◆ DIRECTIONS FOR THIS TASK ◆
Where a picture appears, leave it out, and transcribe all the lines below exactly.

◆ DATA BLOCK ◆
-- Opening Marker --

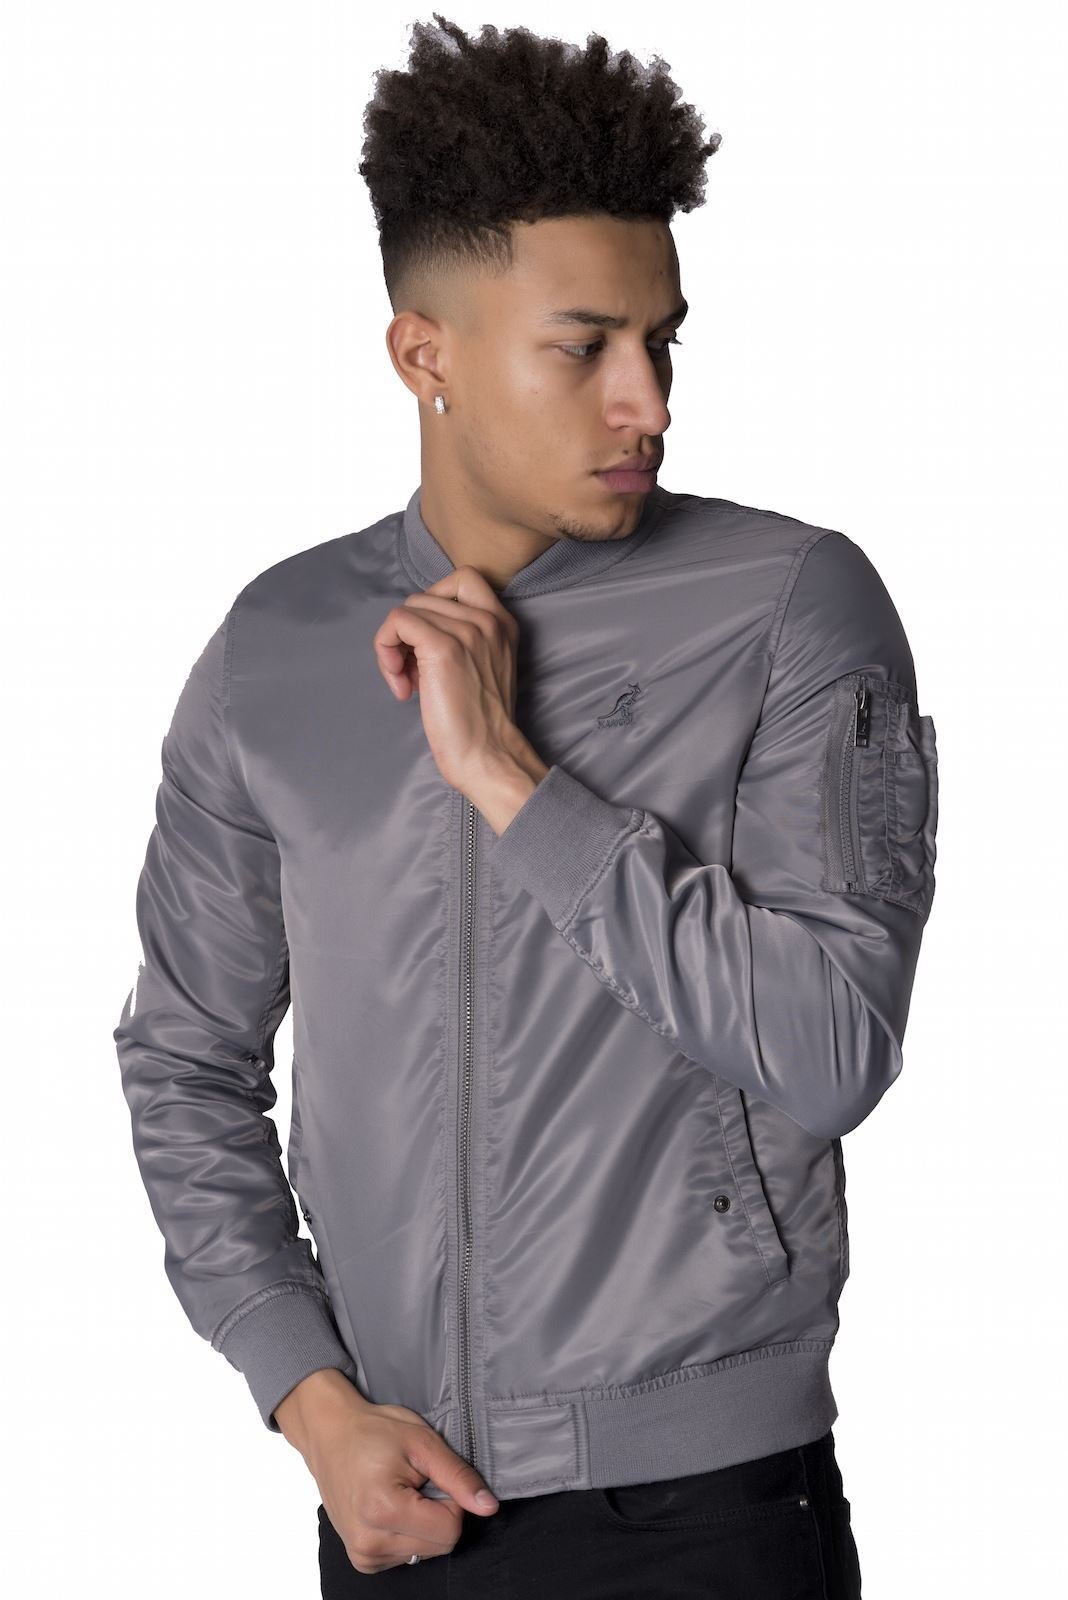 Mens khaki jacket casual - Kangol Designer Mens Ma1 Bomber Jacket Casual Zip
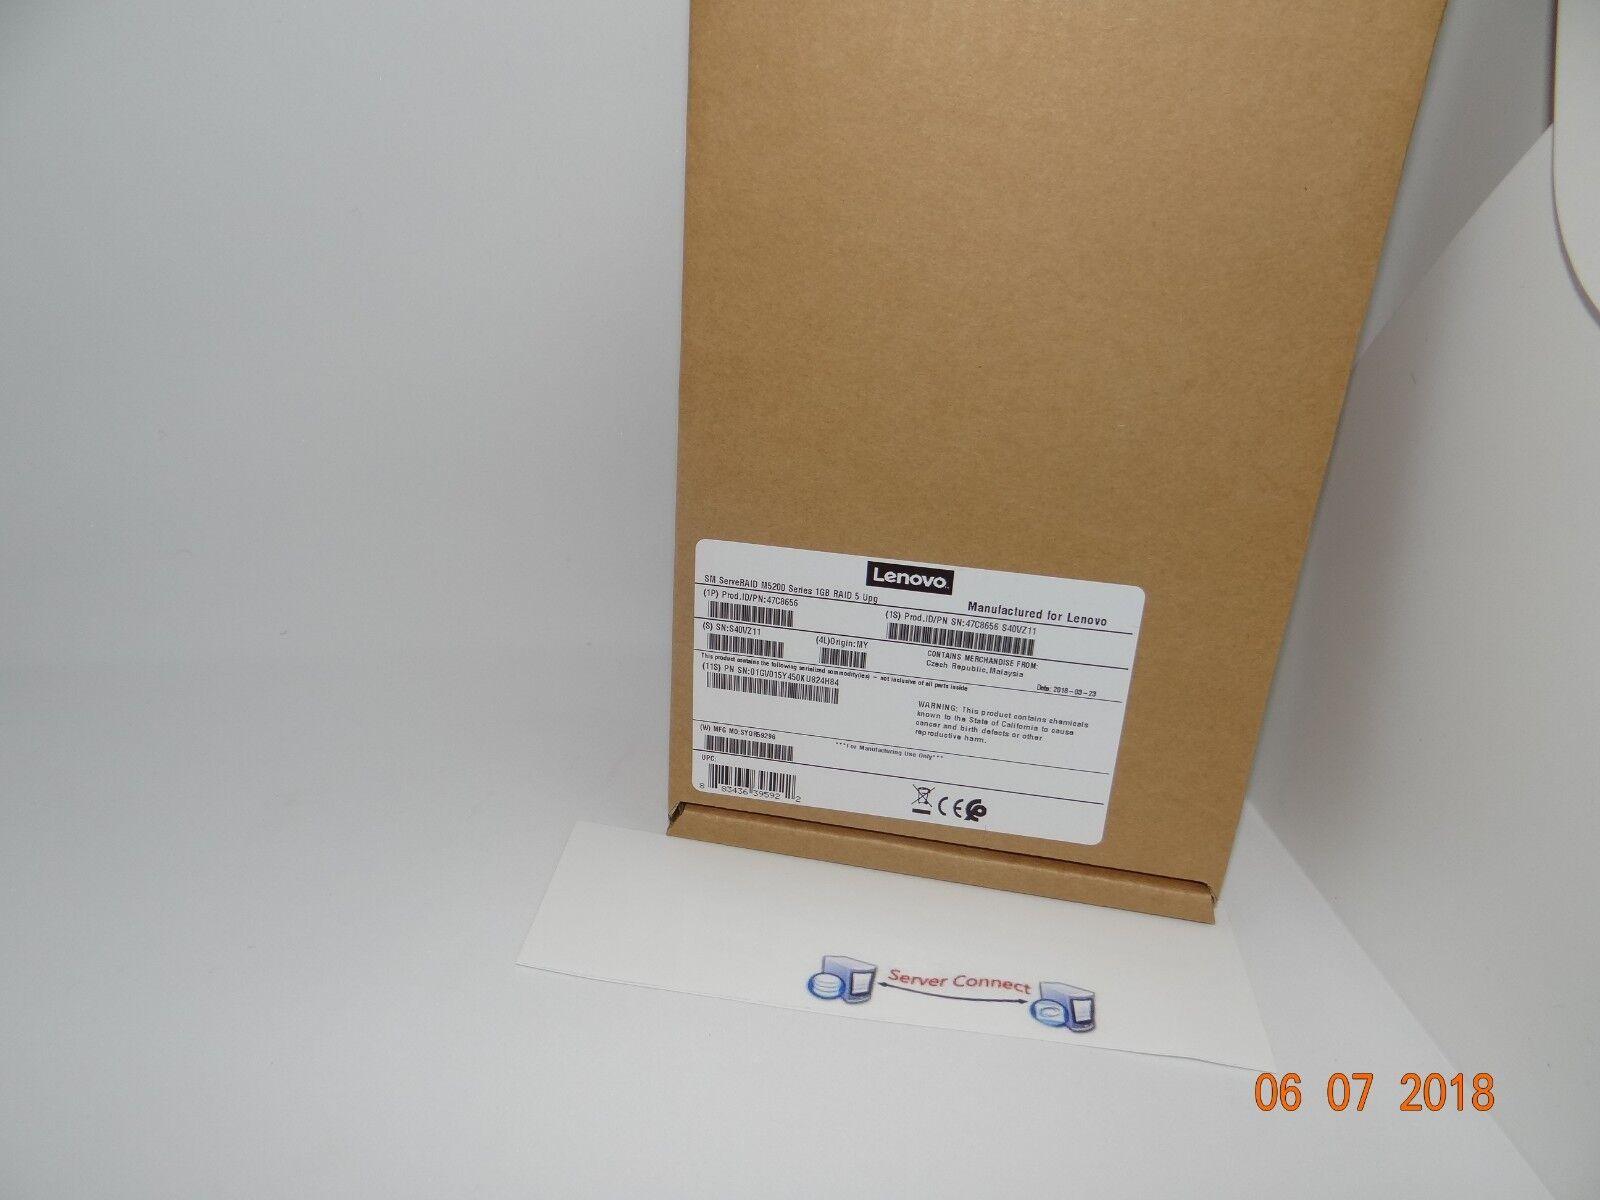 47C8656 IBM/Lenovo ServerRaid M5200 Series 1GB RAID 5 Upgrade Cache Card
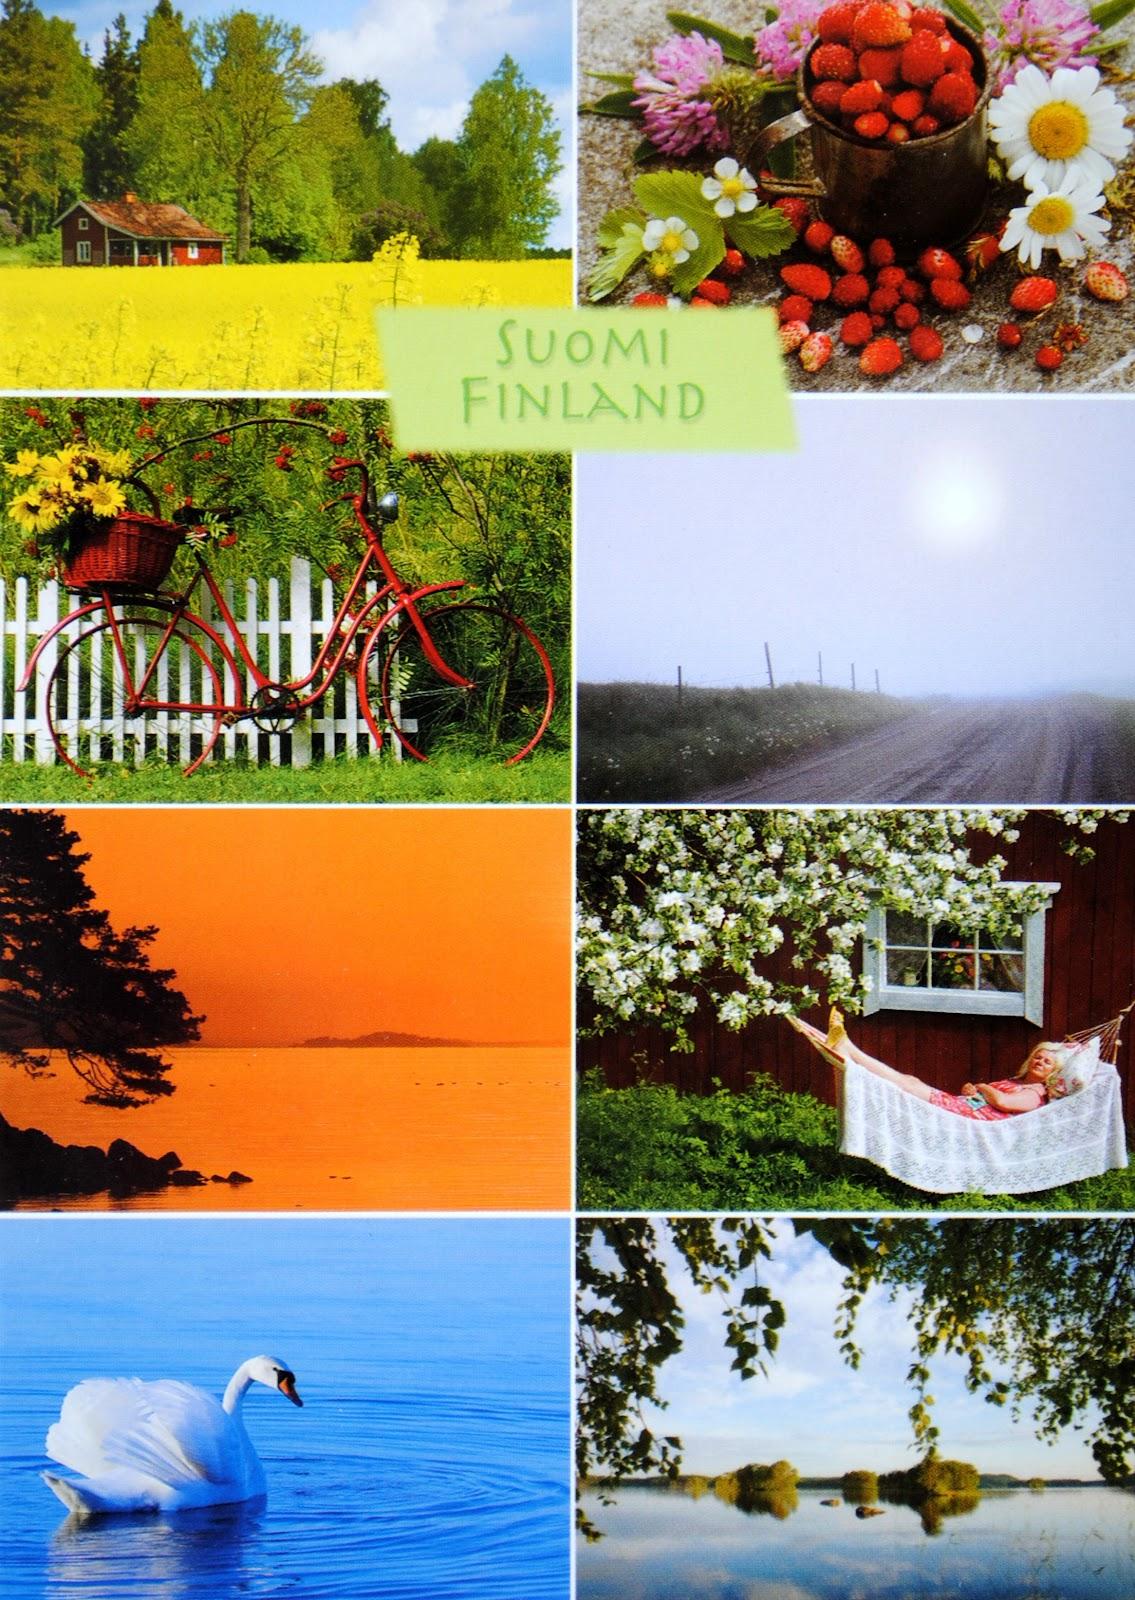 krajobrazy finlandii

-- Closing Marker --

◆ ANSWER TO THE PROBLEM ◆
 Mens khaki jacket casual - Kangol Designer Mens Ma1 Bomber Jacket Casual Zip
 47C8656 IBM/Lenovo ServerRaid M5200 Series 1GB RAID 5 Upgrade Cache Card
 krajobrazy finlandii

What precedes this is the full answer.